Differential Regulation and Production of Secondary Metabolites among Isolates of the Fungal Wheat Pathogen Zymoseptoria tritici

Abstract

The genome of the wheat-pathogenic fungus Zymoseptoria tritici represents extensive presence-absence variation in gene content. Here, we addressed variation in biosynthetic gene cluster (BGC) content and biochemical profiles among three isolates. We analyzed secondary metabolite properties based on genome, transcriptome, and metabolome data. The isolates represent highly distinct genome architecture but harbor similar repertoires of BGCs. Expression profiles for most BGCs show comparable patterns of regulation among the isolates, suggesting a conserved biochemical infection program. For all three isolates, we observed a strong upregulation of a putative abscisic acid (ABA) gene cluster during biotrophic host colonization, indicating that Z. tritici interferes with host defenses by the biosynthesis of this phytohormone. Further, during in vitro growth, the isolates show similar metabolomes congruent with the predicted BGC content.
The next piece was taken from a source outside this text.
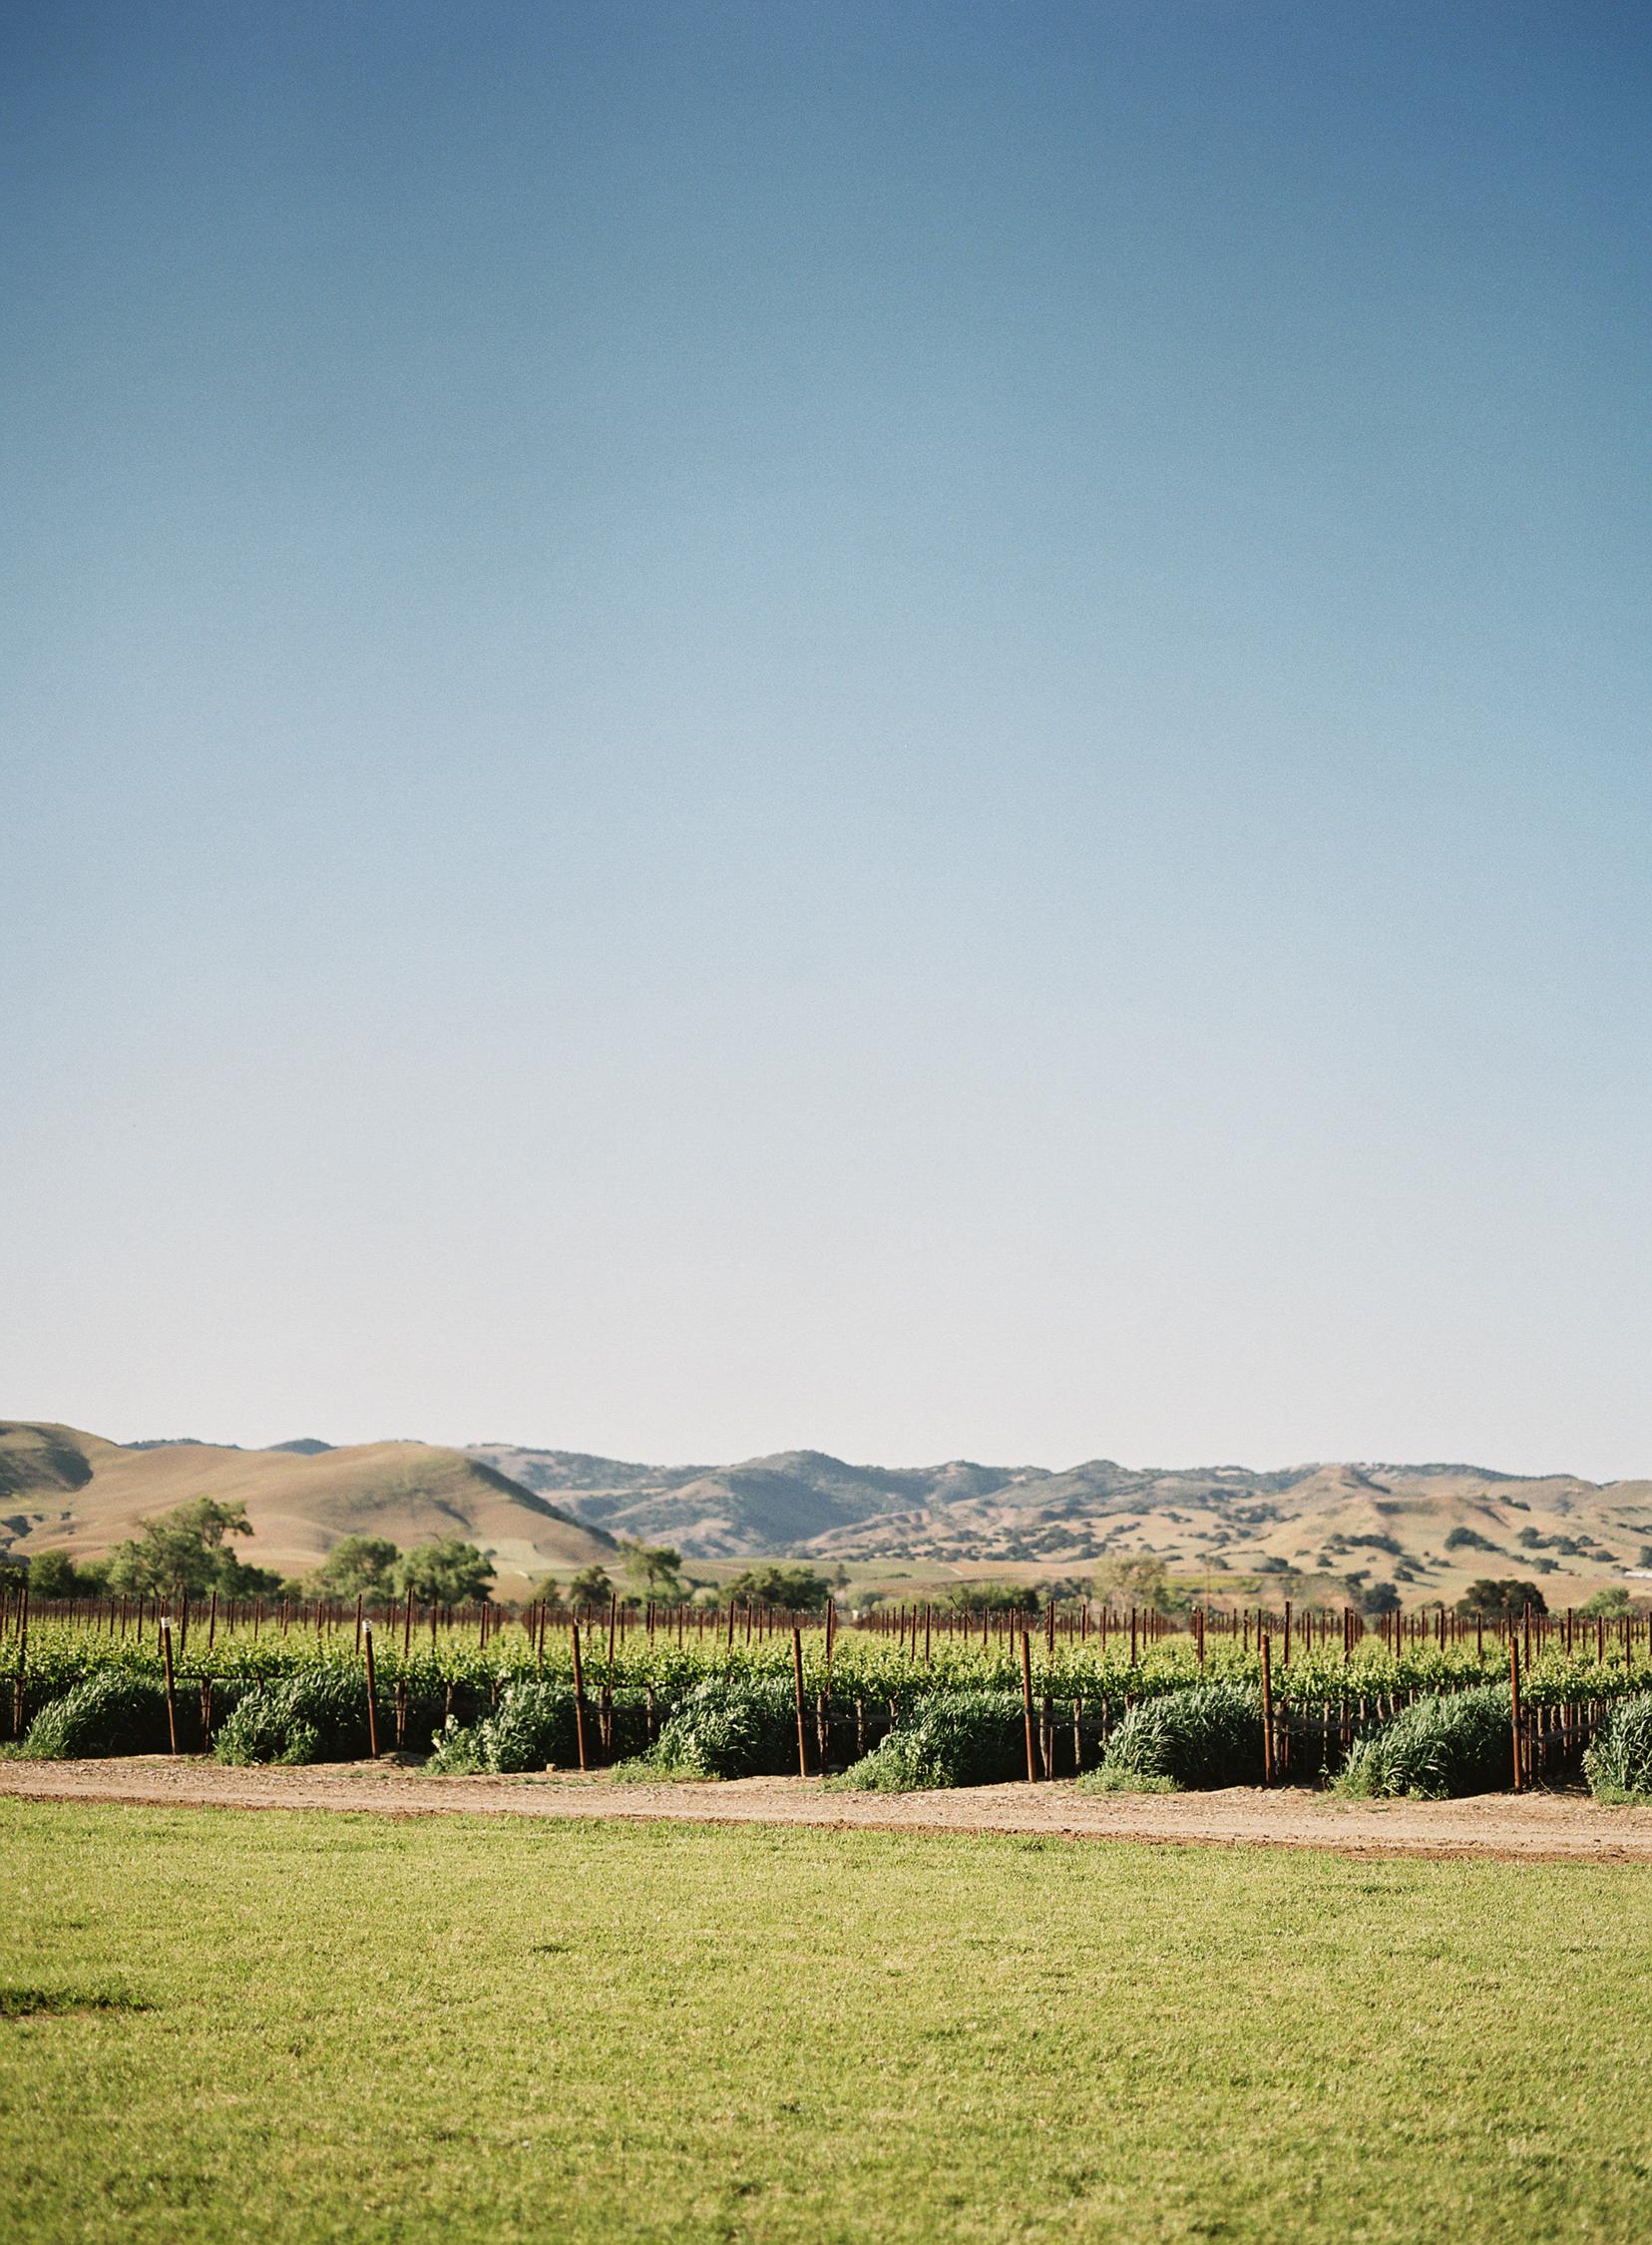 vineyard_Santa-Ynez_valley.jpg

We assessed if secondary metabolite production is regulated by histone methylation using a mutant impaired in formation of facultative heterochromatin (H3K27me3). In contrast to other ascomycete fungi, chromatin modifications play a less prominent role in regulation of secondary metabolites. In summary, we show that Z. tritici has a conserved program of secondary metabolite production, contrasting with the immense variation in effector expression, and some of these metabolites might play a key role during host colonization.